Annual appropriations Acts since 2006 have included a general provision stating that federal financial assistance under those appropriations shall not be used to support any Federal, state, or local project that seeks to use the power of eminent domain, unless eminent domain is used only for public use. The appropriations provision further clarifies that a "public use" may shall not be construed to include economic development that primarily benefits private entities.

=== Scholarly reaction ===
In 2008, land use Professor Daniel R. Mandelker argued that the public backlash against Kelo is rooted in the historical deficiencies of urban renewal legislation. In particular, the article cited the failure to incorporate land use planning and a precise definition of blight in urban renewal legislation as problematic. In 2009, Professor Edward J. Lopez of San Jose State University studied passed laws and found that states with more economic freedom, greater value of new housing construction, and less racial and income inequality were more likely to have enacted stronger restrictions sooner.

Severe criticism of the Kelo decision came from Professor Gideon Kanner of the Loyola Law School, Los Angeles. Kanner wrote, "The principal failing of the Kelo decision is that it misreads the case law on which it purports to rely as a seminal precedent, and by its holding frustrates the usual mode of constitutional analysis." He likened the language in the majority's decision ("'public' means 'private' and 'use' means 'purpose,' or 'prognosticated municipal prosperity'") to the abuse of language in George Orwell's Nineteen Eighty-Four.

=== State legislation ===
Prior to Kelo, nine states specifically prohibited the use of eminent domain for economic development except to eliminate blight: Arkansas, Florida, Kansas, Kentucky, Maine, Michigan, New Hampshire, South Carolina and Washington. As of April 2019, 45 states had enacted some type of reform legislation in response to the Kelo decision. Of those states, 22 enacted laws that severely inhibited the takings allowed by the Kelo decision, while the rest enacted laws that place some limits on the power of municipalities to invoke eminent domain for economic development. The remaining five states have not passed laws to limit the power of eminent domain for economic development.

==== Arizona ====
Proposition 207, the Private Property Rights Protection Act, passed in 2006.

==== California ====
Under pre-existing California law, takings (for conveyance to a private party, as opposed to a public use that may incidentally benefit private parties) were already illegal.
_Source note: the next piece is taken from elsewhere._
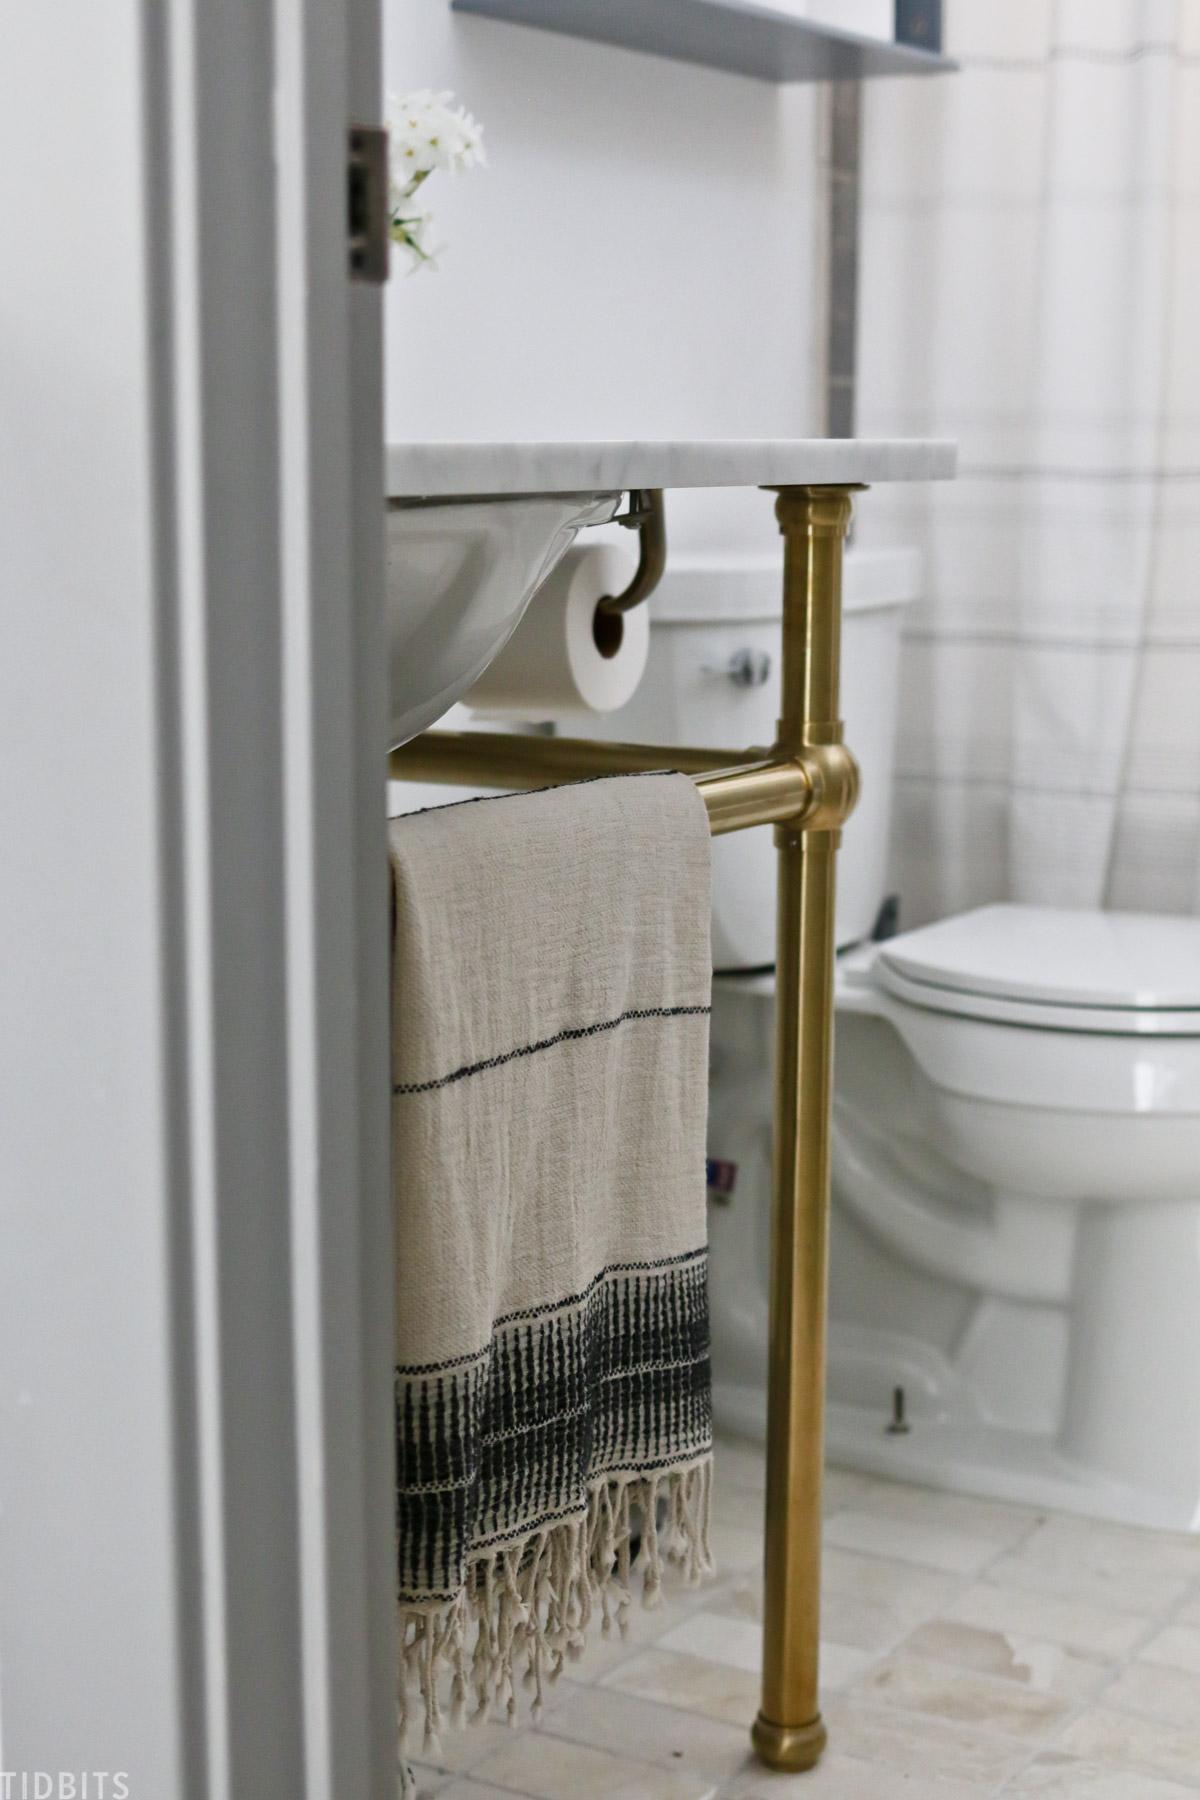 towel hung underneath exposed bathroom sink next to toilet

Proposition 90 failed in the November 2006 election. The initiative also included language requiring that government pay financial compensation to any property owners who could successfully argue that regulation caused them significant economic loss. Subsequently, Proposition 99 passed in the June 2008 election. It amends the state constitution to prohibit (subject to some exceptions):
state and local governments from using eminent domain to acquire an owner-occupied residence [if the owner has occupied the residence for at least one year], as defined, for conveyance to a private person or business entity.
  In 2012, California abolished its redevelopment agencies.

==== Florida ====
Florida passed a 2006 ballot measure amending the Florida Constitution to restrict use of eminent domain. The amendment says in part:

Private property taken by eminent domain [...] may not be conveyed to a natural person or private entity except as provided by general law passed by a three-fifths vote of the membership of each house of the Legislature.
— Fla. Const. art. X, § 6(c)

==== Iowa ====
The Iowa Legislature passed a 2006 bill restricting the use of eminent domain for economic development. Gov. Tom Vilsack (D) vetoed the bill, prompting the first special session of the Iowa Legislature in more than 40 years. The veto was overridden by votes of 90–8 in the Iowa House and 41–8 in the Iowa Senate.

==== Kansas ====
In response to the Kelo decision, the Kansas Legislature enacted K.S.A. 26-501a and K.S.A. 26-501b and amended K.S.A. 26-501.
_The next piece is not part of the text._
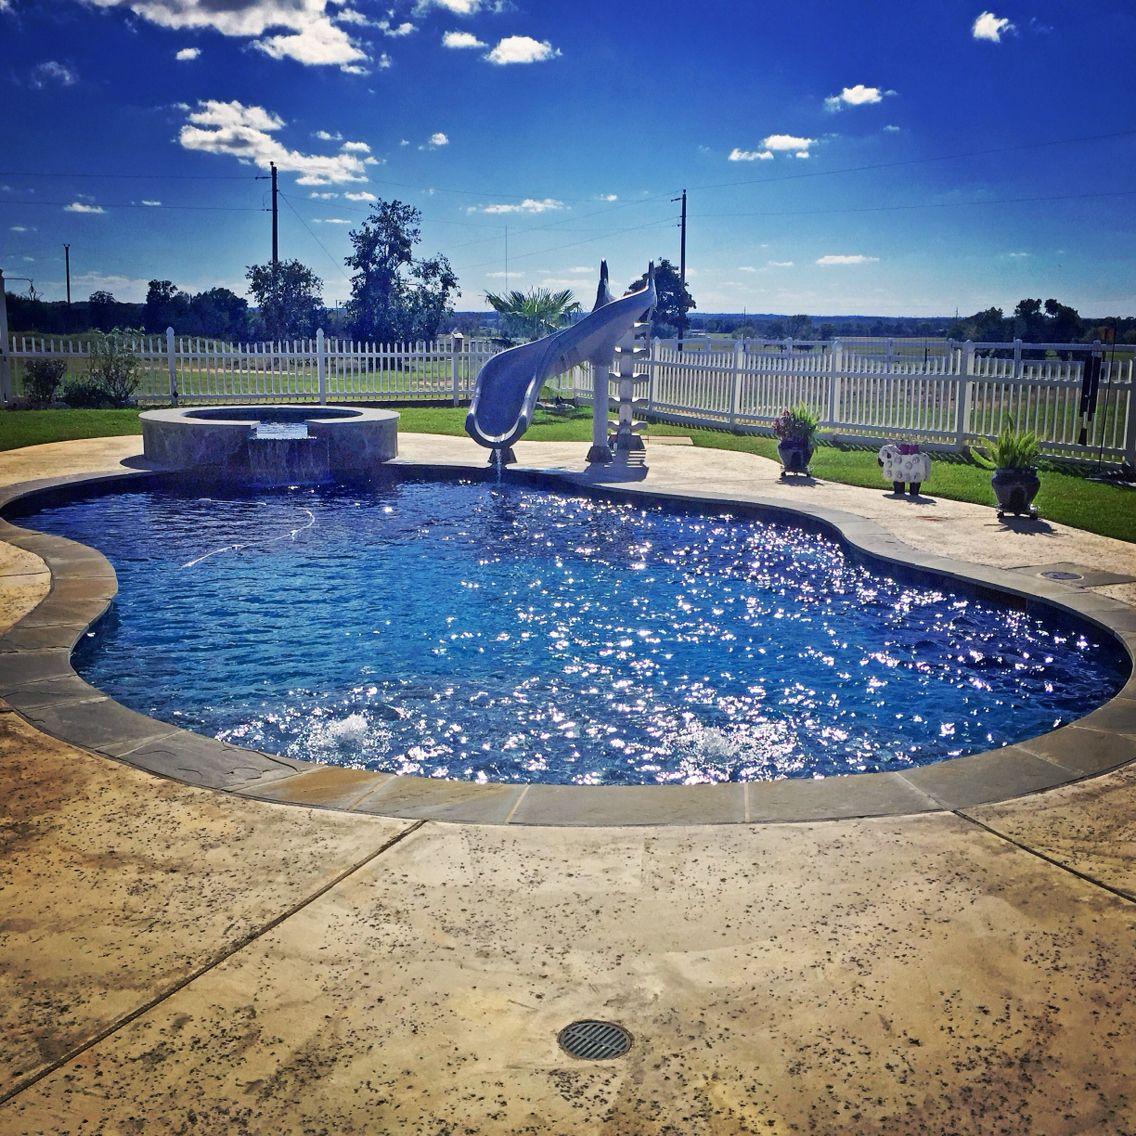 #radius #pool With #slide And #spa #hottub #flagstone #coping · Flagstone Backyard MakeoverOasisPoolsSpaConstructionBuildingSwimming ...

K.S.A. 26-501a. Eminent domain; limited to public use; transfer to private entity prohibited; exception. On and after July 1, 2007: (a) Private property shall not be taken by eminent domain except for public use and private property shall not be taken without just compensation.
(b) The taking of private property by eminent domain for the purpose of selling, leasing or otherwise transferring such property to any private entity is prohibited except as provided in K.S.A. 2009 Supp. 26–501b, and amendments thereto.
(c) This section shall be part of and supplemental to the eminent domain procedure act. History: L. 2006, ch. 192, § 1; May 25.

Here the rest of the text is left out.